= Activity =
Once the images are removed, set down everything else in the listing below exactly.

= Input data =
┏━━
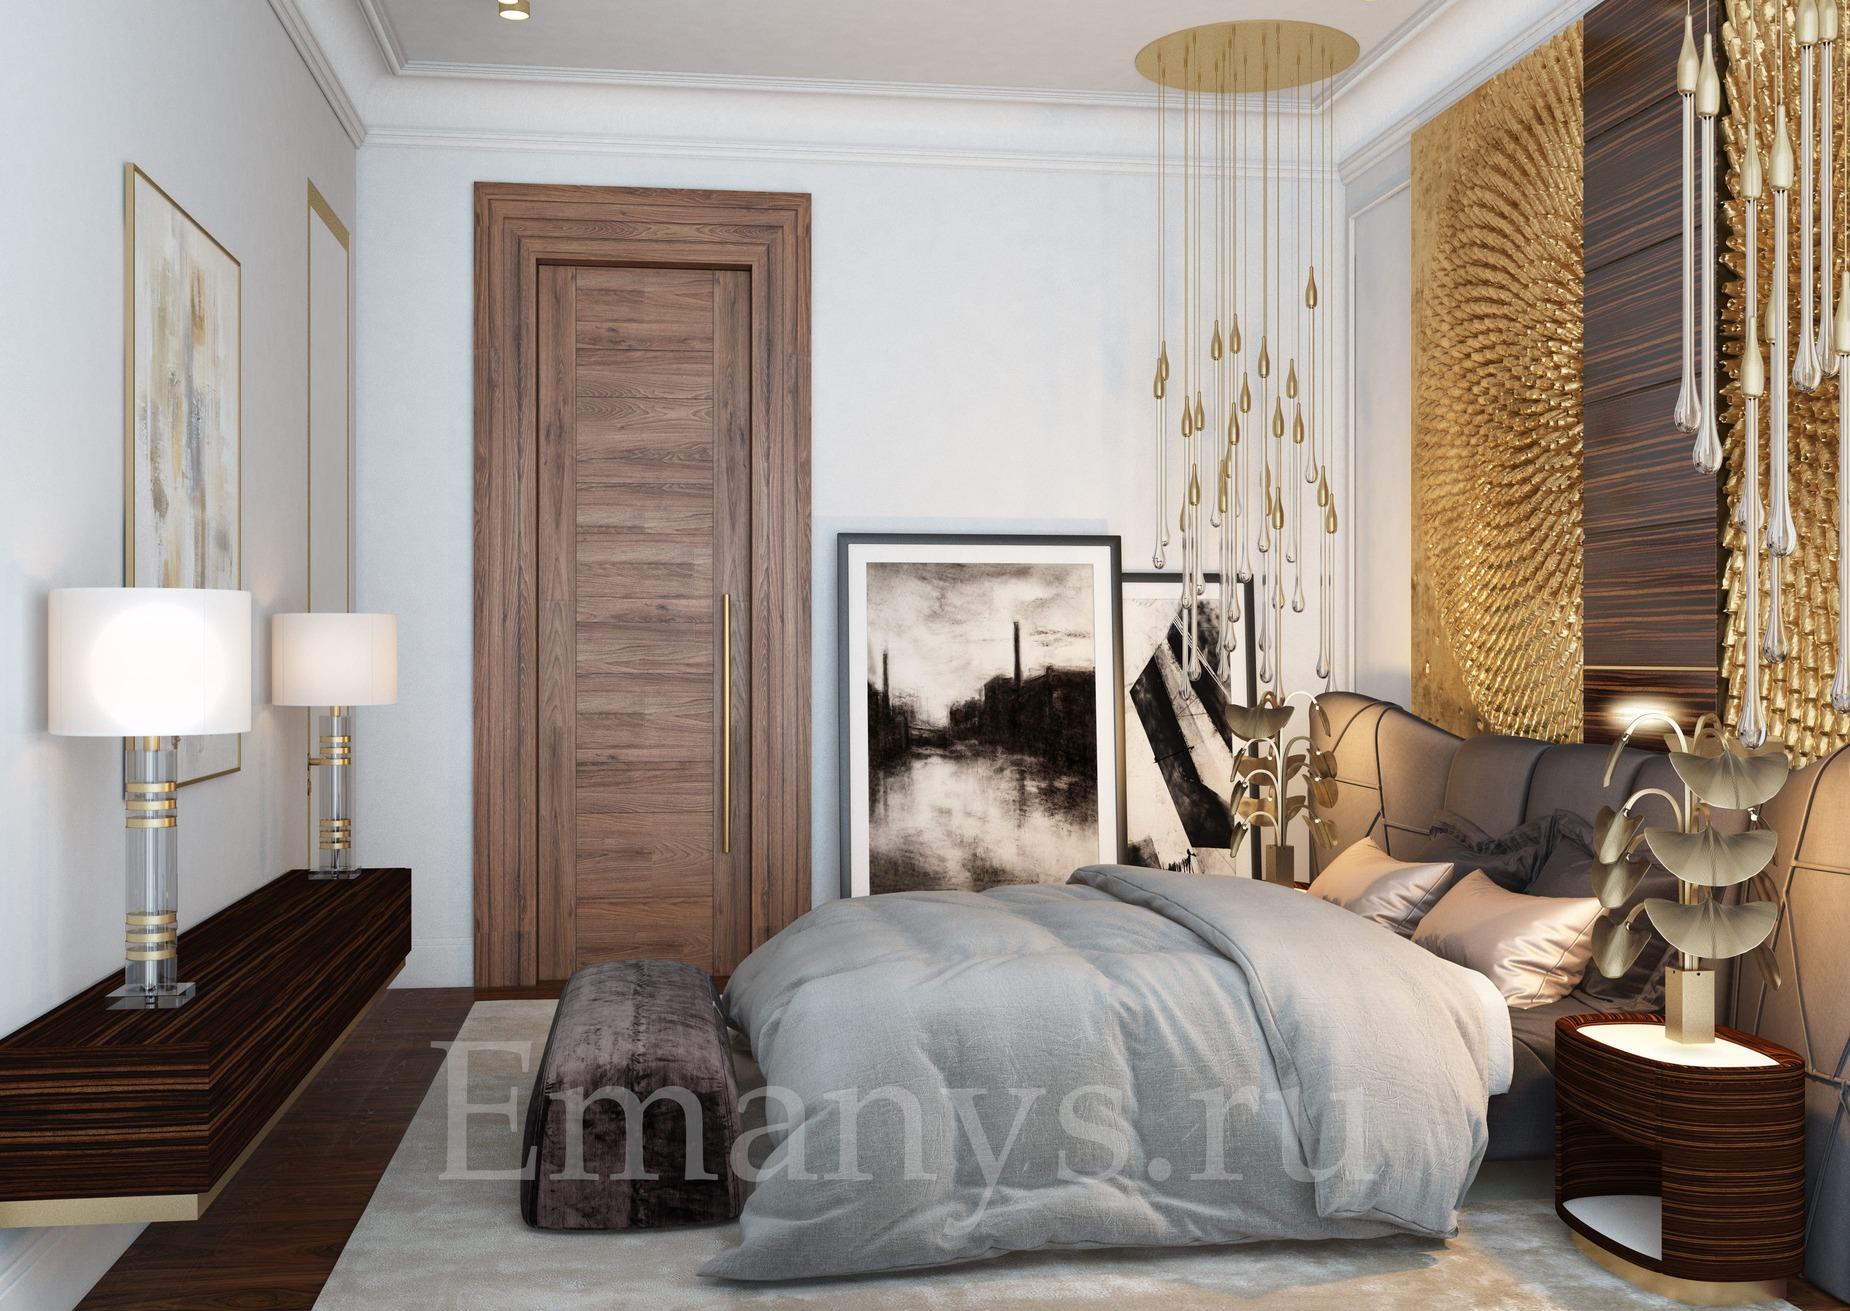 Дизайн интерьера спальни Emanys
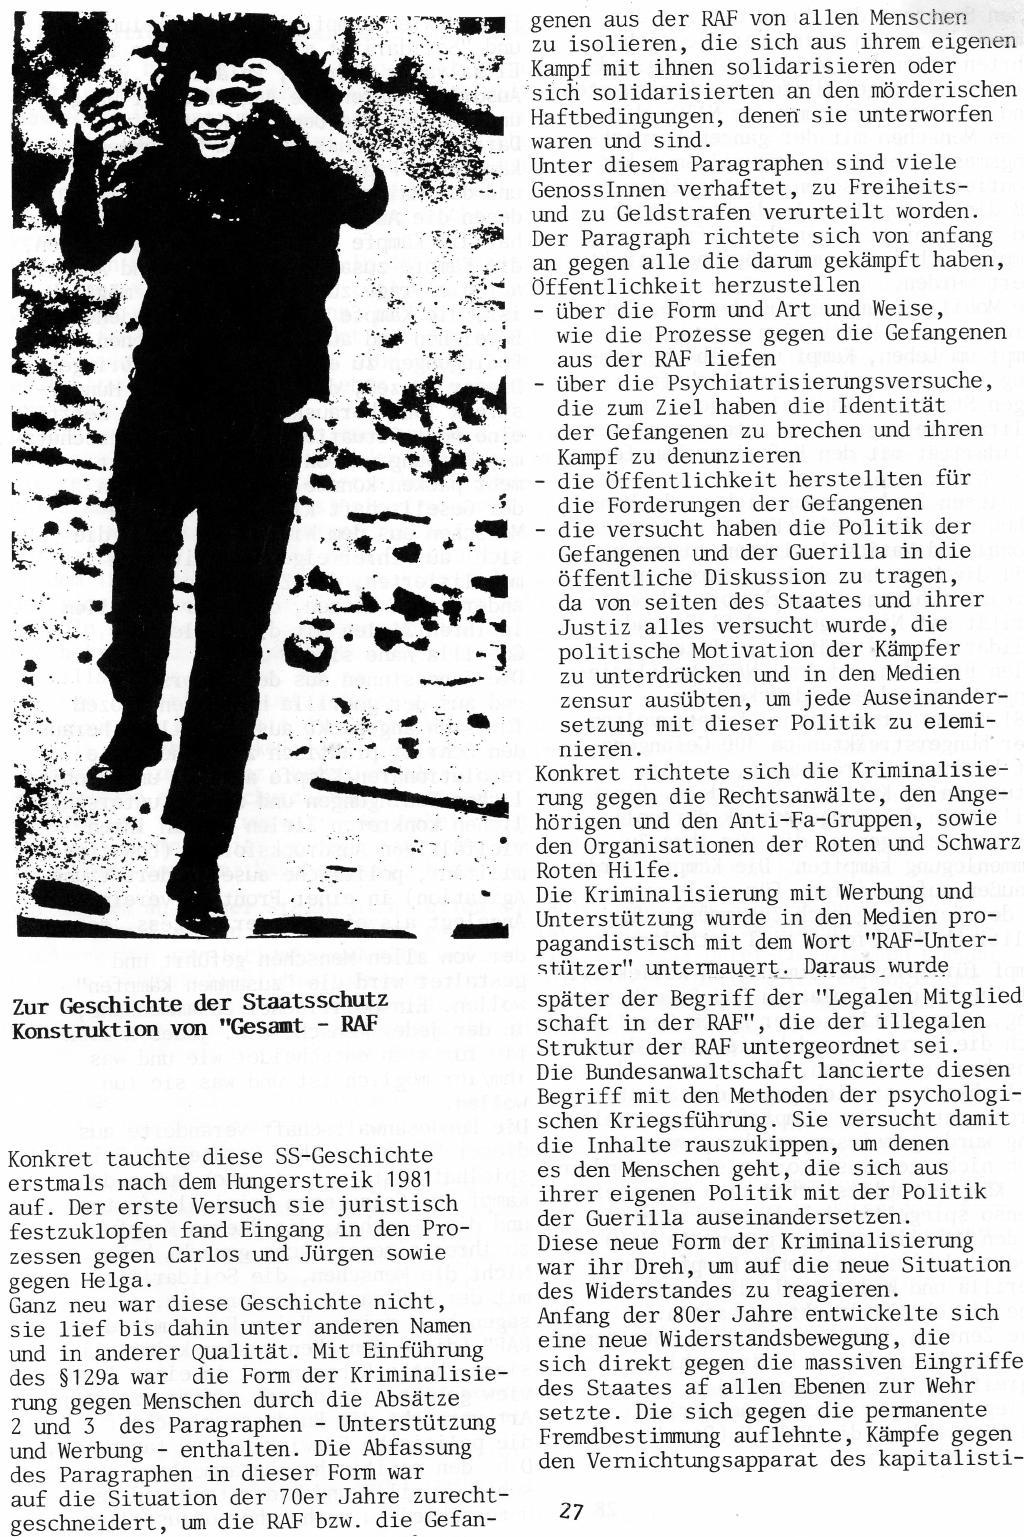 Duesseldorf_1989_Sechs_Politische_Gefangene_027
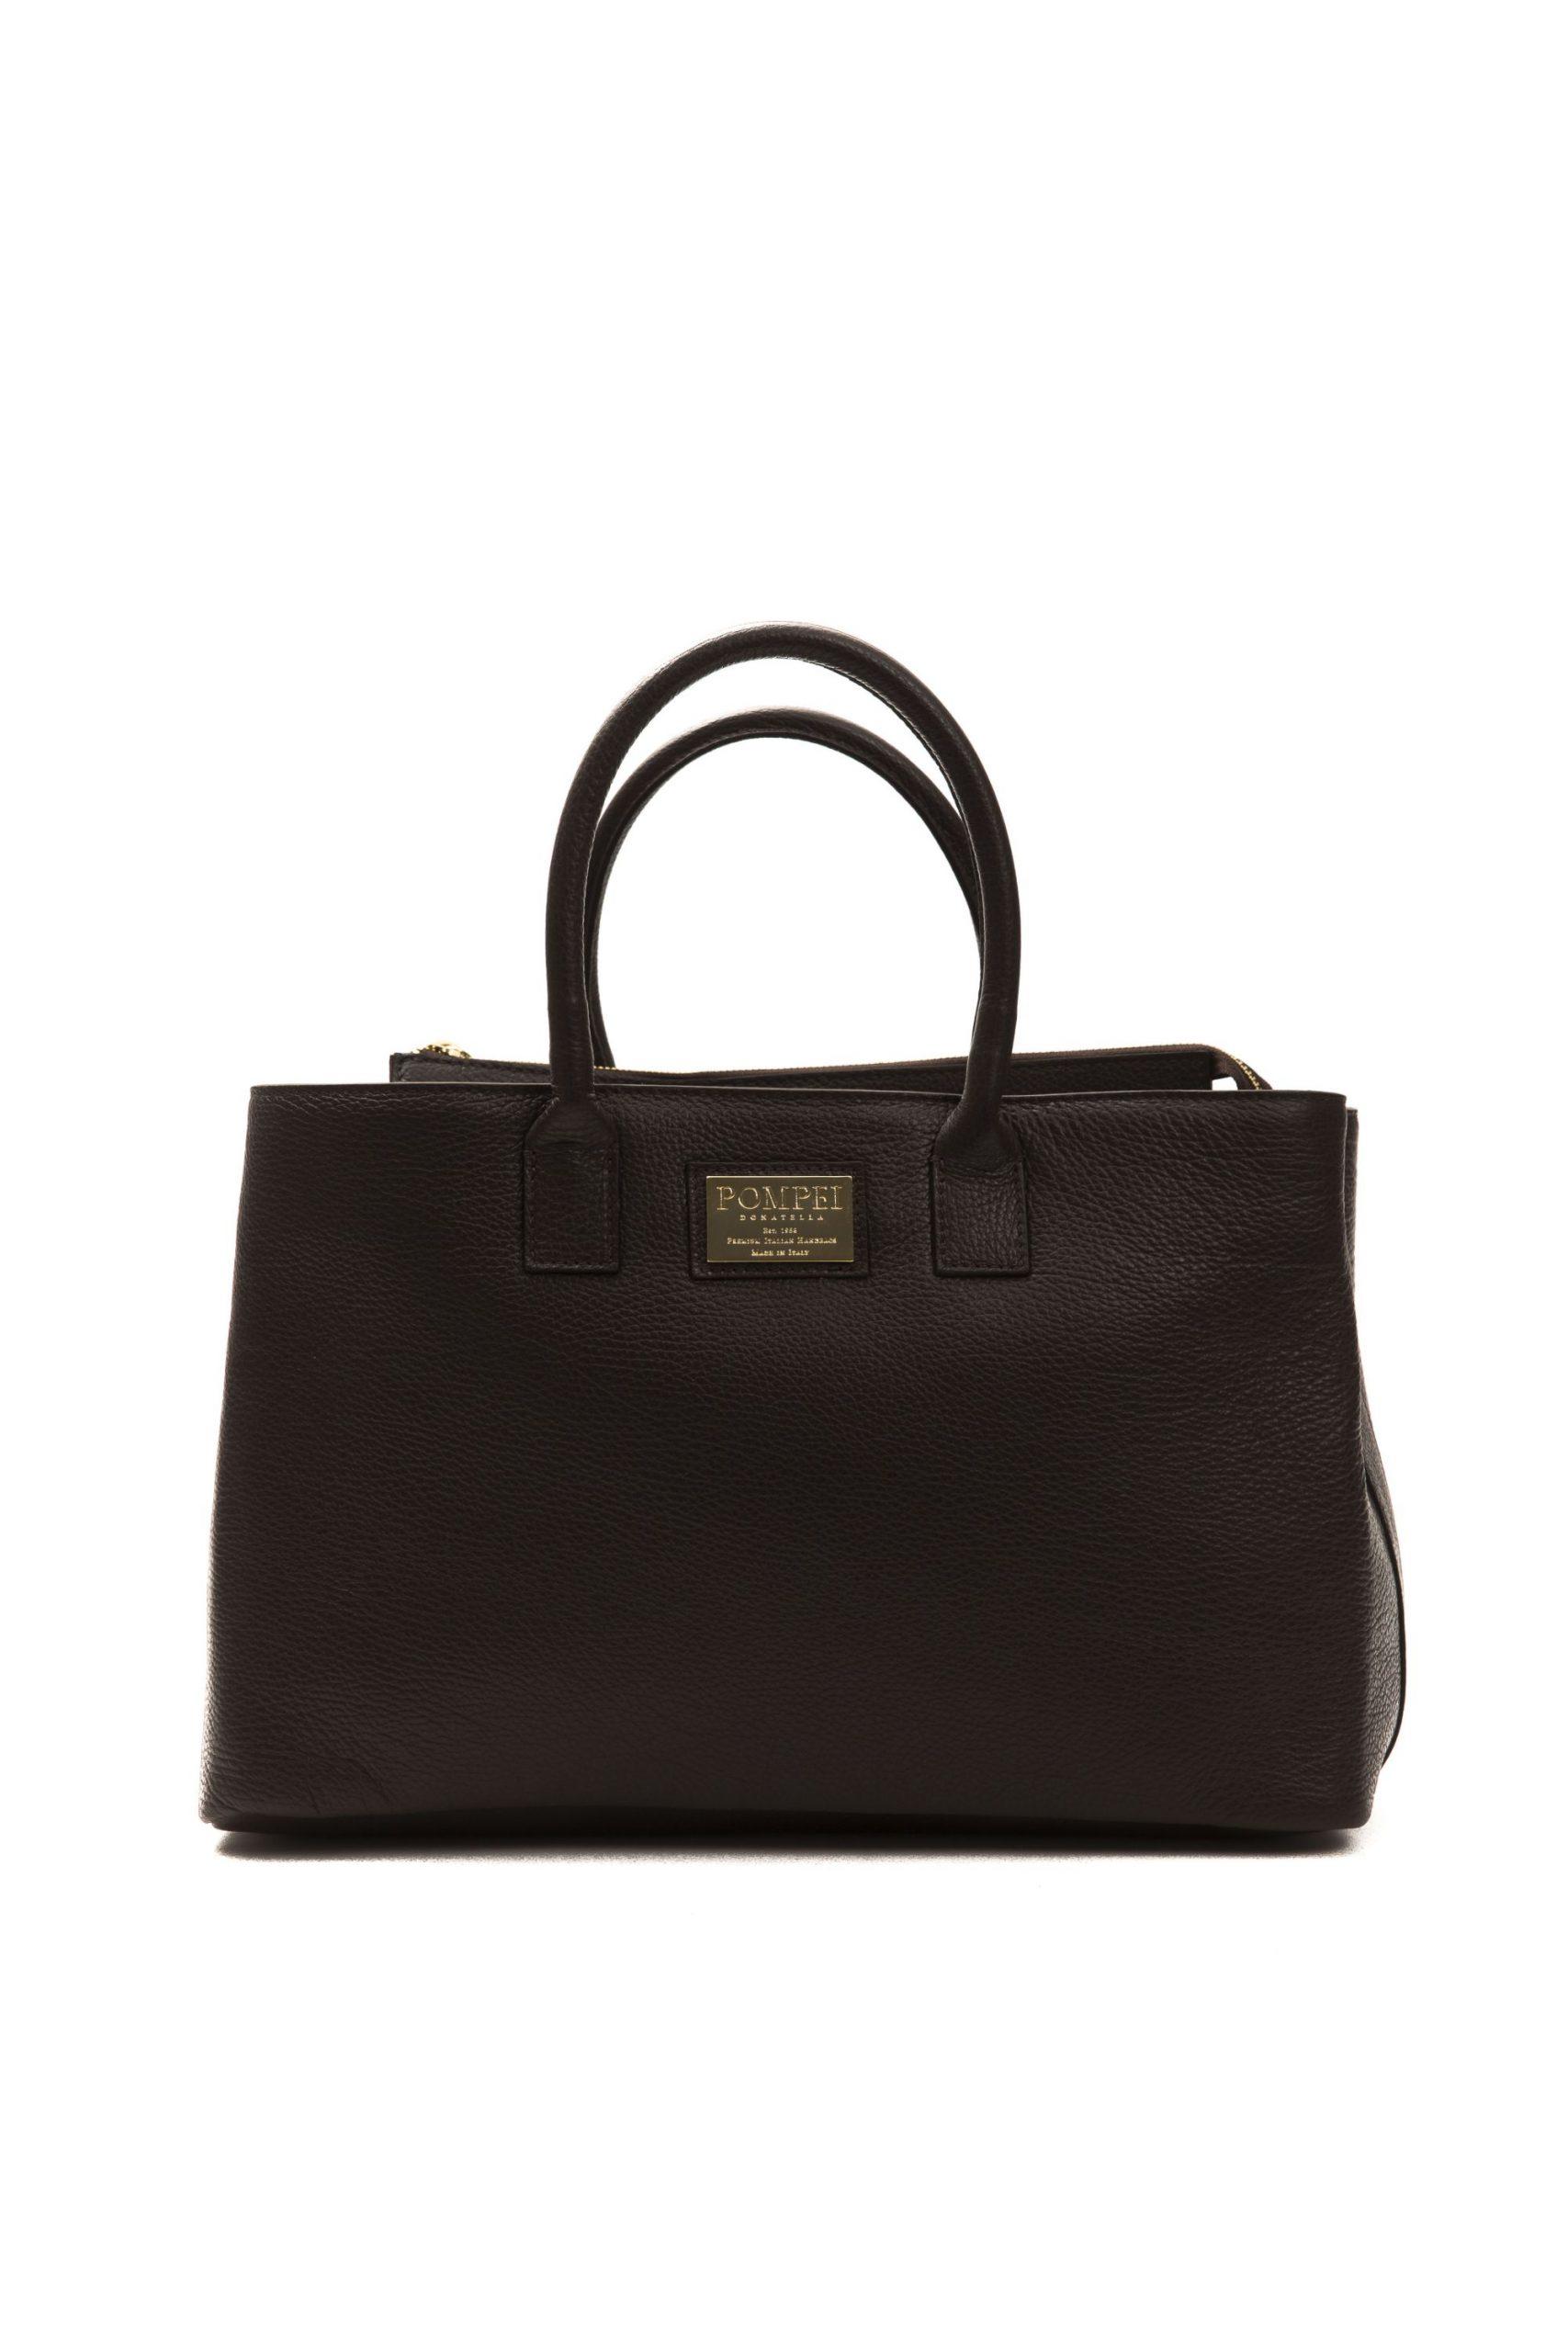 Pompei Donatella Women's Handbag Brown PO667762
┗━━
= Output below =
 Дизайн интерьера спальни Emanys
 Duesseldorf_1989_Sechs_Politische_Gefangene_027
 Pompei Donatella Women's Handbag Brown PO667762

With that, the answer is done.